= Giuseppe Bertoloni =

Italian entomologist (1804–1874)

Giuseppe Bertoloni (16 September 1804, in Sarzana - 19 December 1874, in Bologna) was an Italian botanist and entomologist.

He was professor of botany in the University of Bologna which conserves his collections in the University Museum. Bertoloni worked especially on the flora and fauna of Mozambique. He was a member of La Società Entomologica Italiana.

His father Antonio (1775-1869) was a physician and botanist in Bologna.

== Publications ==
Partial list

- "Descriptio novae speciai e Coleoptorum ordine" (1839)
- "De Botyde silaceali, deque damno, quo afficit Cannabin sativam L." (1844)
- "De duobus insectis Ulmo campestri, et Pyro Malo infensis" (1844)
- "Historia Lepidopterorum agri Bononiensis" (1844)
- "Historia Lepidopterorum agri Bononiensis" (1846)
- "Historia Lepidopterorum agri Bononiensis" (1849)
- "Illustratio rerum naturalium Mozambici.
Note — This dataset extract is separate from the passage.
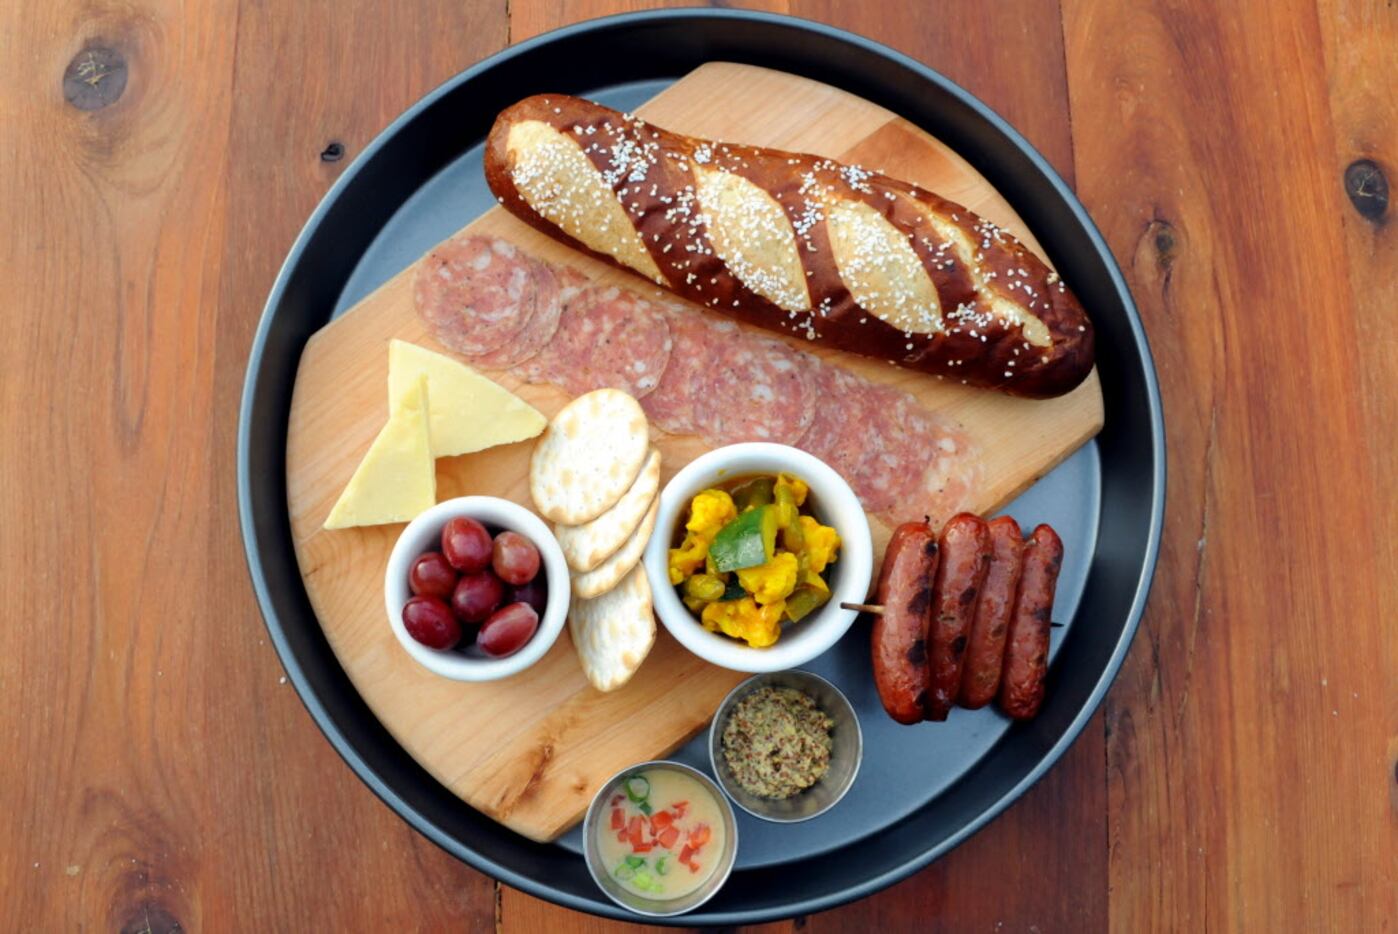 The beer companion features jalapeno-cheese brats, Milano salami, Quickes English cheddar,...

Dissertatio I. De Coleopteris" (1849)
- "Illustratio rerum naturalium Mozambici. Dissertatio II. De Coleopteris" (1849)
- "Illustratio rerum naturalium Mozambici. Dissertatio III. De Coleopteris" (1849)
- Illustrazione dei prodotti naturali del Mozambico. Academia delle scienze dell'instituto de Bologna. Dissertazione 4: 343-363 (1852)
- Coleoptera nova Mozambicana. Rendiconto delle sezione delle R. Academia delle scienze dell'instituto di Bologna 1855: 51-53 (1855)
- Illustratio rerum naturalium Mozambici. Coleoptera. Dissertatio 5. Memorie delle Academie delle scienze dell'instituto di Bologna. Memorie della sezione delle scienze naturali 1855 (1855)

He also published extensively in the Bolognese journal Nuovi annali delle scienze naturali (1834-1854).